How to configure Kerberos on HDP and integrate with Active Directory

http://zh.hortonworks.com/blog/enabling-kerberos-hdp-active-directory-integration/

Hadoop is a business-critical data platform at many of the world’s largest enterprises. These corporations require a layered security model focusing on four aspects of security: authentication, authorization, auditing, and data protection. Hortonworks continues to innovate in each of these areas, along with other members of the Apache open source community. In this blog, we will look at the authentication layer and how we can enforce strong authentication in HDP via Kerberos.

We assume you’re familiar with:

  • Active Directory Domain Controller with Server 2012
  • HDP 2.1 Cluster installed on CentOS or RedHat
  • Windows machine added to the DC/AD

For illustration, our cluster will consist of 2 nodes (node1.hadoop.com , node2.hadoop.com), and I will use AD.COM as my Active Directory realm and HADOOP.COM as my HDP  Cluster realm.

How to Kerberize an HDP Cluster

To enable Kerberos on HDP, install KDC plus all the required software. As part of the package, HDP comes with a prebuilt script that will setup all of our service principals and keytabs as well as redistribute keytabs across the cluster nodes. Before you run the packaged script, you must install and customize a few things.

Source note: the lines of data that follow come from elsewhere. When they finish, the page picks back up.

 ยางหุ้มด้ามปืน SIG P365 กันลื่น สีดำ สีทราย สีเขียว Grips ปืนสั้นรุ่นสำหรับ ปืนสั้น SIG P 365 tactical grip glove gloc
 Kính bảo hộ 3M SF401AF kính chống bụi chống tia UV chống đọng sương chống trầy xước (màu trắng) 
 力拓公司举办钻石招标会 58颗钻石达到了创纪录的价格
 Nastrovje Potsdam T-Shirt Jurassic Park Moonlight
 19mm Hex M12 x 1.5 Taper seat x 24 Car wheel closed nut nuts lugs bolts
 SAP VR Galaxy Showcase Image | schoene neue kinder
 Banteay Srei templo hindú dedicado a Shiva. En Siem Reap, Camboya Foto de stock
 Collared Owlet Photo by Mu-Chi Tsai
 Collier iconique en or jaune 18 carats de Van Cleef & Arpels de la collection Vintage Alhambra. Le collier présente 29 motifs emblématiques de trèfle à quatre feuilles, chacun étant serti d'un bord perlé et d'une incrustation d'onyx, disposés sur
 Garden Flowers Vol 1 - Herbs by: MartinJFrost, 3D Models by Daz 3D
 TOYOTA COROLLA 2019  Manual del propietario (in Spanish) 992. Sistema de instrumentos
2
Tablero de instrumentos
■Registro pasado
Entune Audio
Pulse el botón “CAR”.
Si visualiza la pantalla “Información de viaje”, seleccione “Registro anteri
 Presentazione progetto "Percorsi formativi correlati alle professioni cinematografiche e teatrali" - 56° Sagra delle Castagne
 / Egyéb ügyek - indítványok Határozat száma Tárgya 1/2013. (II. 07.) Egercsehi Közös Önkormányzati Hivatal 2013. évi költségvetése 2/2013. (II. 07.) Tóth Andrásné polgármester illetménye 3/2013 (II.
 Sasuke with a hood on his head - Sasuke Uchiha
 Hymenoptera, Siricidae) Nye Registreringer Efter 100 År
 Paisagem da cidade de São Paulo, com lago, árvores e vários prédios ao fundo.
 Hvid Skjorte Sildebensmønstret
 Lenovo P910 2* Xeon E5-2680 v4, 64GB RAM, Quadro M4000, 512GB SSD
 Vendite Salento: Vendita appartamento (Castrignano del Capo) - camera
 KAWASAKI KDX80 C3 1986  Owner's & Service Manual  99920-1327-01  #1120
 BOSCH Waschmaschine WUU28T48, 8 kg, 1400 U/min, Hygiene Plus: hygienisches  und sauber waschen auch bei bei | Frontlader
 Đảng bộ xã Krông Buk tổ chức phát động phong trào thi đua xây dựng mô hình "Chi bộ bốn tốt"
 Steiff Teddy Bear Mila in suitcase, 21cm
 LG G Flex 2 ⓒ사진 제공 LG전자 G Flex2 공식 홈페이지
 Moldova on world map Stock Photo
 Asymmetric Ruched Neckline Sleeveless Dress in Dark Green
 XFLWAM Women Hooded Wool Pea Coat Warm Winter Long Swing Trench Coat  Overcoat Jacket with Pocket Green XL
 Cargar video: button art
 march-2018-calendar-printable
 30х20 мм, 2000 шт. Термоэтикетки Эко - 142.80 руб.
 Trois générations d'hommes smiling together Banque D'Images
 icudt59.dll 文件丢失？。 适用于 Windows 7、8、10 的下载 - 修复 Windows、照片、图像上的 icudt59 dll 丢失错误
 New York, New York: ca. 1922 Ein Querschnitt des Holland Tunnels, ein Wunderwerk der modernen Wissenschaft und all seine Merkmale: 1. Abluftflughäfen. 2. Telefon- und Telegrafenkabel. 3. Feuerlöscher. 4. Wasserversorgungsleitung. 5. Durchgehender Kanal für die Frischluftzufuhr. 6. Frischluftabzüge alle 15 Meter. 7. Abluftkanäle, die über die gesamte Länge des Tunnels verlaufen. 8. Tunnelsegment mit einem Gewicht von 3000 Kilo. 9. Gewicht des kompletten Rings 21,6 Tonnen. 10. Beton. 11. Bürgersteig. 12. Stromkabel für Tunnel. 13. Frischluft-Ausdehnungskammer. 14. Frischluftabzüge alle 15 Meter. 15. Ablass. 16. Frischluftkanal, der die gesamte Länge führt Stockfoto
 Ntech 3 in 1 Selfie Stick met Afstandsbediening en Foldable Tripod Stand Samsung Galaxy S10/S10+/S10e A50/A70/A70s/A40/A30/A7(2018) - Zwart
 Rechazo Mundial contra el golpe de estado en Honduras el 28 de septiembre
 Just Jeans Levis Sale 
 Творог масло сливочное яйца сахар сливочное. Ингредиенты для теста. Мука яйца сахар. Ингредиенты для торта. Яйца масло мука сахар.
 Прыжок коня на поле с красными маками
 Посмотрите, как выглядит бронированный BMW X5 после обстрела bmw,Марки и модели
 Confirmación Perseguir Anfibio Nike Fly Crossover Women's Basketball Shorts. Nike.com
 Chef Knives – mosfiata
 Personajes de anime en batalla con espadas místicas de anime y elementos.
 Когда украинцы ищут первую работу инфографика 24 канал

First, choose your KDC server and run this command on any node in the cluster. In our case, we ran the script on the NameNode, but it could be run it on any node (internally or externally).
yum -y install krb5-server krb5-libs krb5-auth-dialog krb5-workstation

Second, install the Kerberos client and utilities on all other nodes in the cluster.
yum -y install krb5-libs krb5-auth-dialog krb5-workstation

Third, edit KDC configuration with your HDP and AD realm information:

  • HDP Cluster realm = HADOOP.COM
  • Windows Domain = AD.COM

The krb5.conf file contains Kerberos configuration information, including the locations of KDCs and admin servers for the Kerberos realms we outlined above, defaults for the current realm and for Kerberos applications, and mappings of hostnames onto Kerberos realms. By default krb5.conf is located at /etc/krb5.conf:

[logging]
default = FILE:/var/log/krb5libs.log
kdc = FILE:/var/log/krb5kdc.log
admin_server = FILE:/var/log/kadmind.log

[libdefaults]
default_realm = HADOOP.COM
dns_lookup_realm = false
dns_lookup_kdc = false
ticket_lifetime = 24h
renew_lifetime = 7d
forwardable = true

[realms]
HADOOP.COM = {
kdc = node1.hadoop.com
admin_server = node1.hadoop.com
}

AD.COM = {
kdc = windc.ad.com
admin_server = windc.ad.com
}

[domain_realm]
.hadoop.com = HADOOP.COM
hadoop.com = HADOOP.COM
.ad.com = AD.COM
ad.com = AD.COM

[capaths]
AD.COM = {
HADOOP.COM = .
}

Use the above configuration as a template and replace HADOOP.COM and AD.COM with your own respective realm and Domain Controller (DC) on all cluster hosts.

Below, you can review additional information or each section in krb5.conf

realms

information on the realms we are working with. The kdc and admin_server value for HADOOP.COM is the host where we installed our KDC server, and for Active Directory, it is the host of the Domain Controller.

domain_realm

provides a translation from a domain name or hostname to a Kerberos realm name. The tag name can be a host name, or a domain name, where domain names are indicated by a prefix of a period (.). Host names and domain names should be in lower case.

capaths

for cross-realm authentication, a database is needed to construct the authentication paths between the realms. This section defines the store.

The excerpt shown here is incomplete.